**Supplied information:**

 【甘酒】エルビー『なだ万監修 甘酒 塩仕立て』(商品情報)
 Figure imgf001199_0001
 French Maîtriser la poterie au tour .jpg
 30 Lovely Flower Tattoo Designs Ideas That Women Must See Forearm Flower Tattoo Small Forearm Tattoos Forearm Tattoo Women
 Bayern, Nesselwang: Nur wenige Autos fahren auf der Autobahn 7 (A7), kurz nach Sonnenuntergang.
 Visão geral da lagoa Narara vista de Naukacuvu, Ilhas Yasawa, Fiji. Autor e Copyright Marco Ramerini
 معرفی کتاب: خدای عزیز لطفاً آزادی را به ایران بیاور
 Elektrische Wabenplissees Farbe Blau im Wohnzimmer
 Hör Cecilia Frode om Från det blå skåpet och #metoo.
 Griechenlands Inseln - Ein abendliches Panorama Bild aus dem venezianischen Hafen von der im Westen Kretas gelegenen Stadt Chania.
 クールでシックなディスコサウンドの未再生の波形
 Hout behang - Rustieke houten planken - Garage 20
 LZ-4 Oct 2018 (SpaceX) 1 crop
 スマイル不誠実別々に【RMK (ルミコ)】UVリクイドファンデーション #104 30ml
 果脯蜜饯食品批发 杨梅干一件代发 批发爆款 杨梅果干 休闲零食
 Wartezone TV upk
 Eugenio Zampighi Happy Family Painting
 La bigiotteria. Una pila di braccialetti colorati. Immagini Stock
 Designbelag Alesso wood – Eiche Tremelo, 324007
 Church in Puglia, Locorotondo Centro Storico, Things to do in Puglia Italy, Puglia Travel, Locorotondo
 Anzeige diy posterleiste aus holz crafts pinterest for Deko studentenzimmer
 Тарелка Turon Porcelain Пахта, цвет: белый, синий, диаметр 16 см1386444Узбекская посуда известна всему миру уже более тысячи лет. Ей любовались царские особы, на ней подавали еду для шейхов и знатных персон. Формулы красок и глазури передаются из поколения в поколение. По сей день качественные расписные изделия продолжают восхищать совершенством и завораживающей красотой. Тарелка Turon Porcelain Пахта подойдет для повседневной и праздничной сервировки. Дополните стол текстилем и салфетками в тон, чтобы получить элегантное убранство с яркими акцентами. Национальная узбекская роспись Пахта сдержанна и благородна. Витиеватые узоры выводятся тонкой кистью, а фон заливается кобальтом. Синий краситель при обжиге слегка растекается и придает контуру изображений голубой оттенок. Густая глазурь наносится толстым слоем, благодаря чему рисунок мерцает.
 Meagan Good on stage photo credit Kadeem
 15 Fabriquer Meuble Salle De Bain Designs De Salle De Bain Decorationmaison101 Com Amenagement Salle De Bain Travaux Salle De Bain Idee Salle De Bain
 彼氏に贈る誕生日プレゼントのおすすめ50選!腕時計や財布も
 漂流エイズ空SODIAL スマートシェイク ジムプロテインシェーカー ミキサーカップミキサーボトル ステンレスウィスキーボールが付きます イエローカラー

**Task:** Only one stretch of the records above is wanted: the lines between the one holding "Church in Puglia, Locorotondo" and the one holding "Meagan Good on stage photo credit Kadeem", inclusive, reproduced exactly.

**Your solution:**
 Church in Puglia, Locorotondo Centro Storico, Things to do in Puglia Italy, Puglia Travel, Locorotondo
 Anzeige diy posterleiste aus holz crafts pinterest for Deko studentenzimmer
 Тарелка Turon Porcelain Пахта, цвет: белый, синий, диаметр 16 см1386444Узбекская посуда известна всему миру уже более тысячи лет. Ей любовались царские особы, на ней подавали еду для шейхов и знатных персон. Формулы красок и глазури передаются из поколения в поколение. По сей день качественные расписные изделия продолжают восхищать совершенством и завораживающей красотой. Тарелка Turon Porcelain Пахта подойдет для повседневной и праздничной сервировки. Дополните стол текстилем и салфетками в тон, чтобы получить элегантное убранство с яркими акцентами. Национальная узбекская роспись Пахта сдержанна и благородна. Витиеватые узоры выводятся тонкой кистью, а фон заливается кобальтом. Синий краситель при обжиге слегка растекается и придает контуру изображений голубой оттенок. Густая глазурь наносится толстым слоем, благодаря чему рисунок мерцает.
 Meagan Good on stage photo credit Kadeem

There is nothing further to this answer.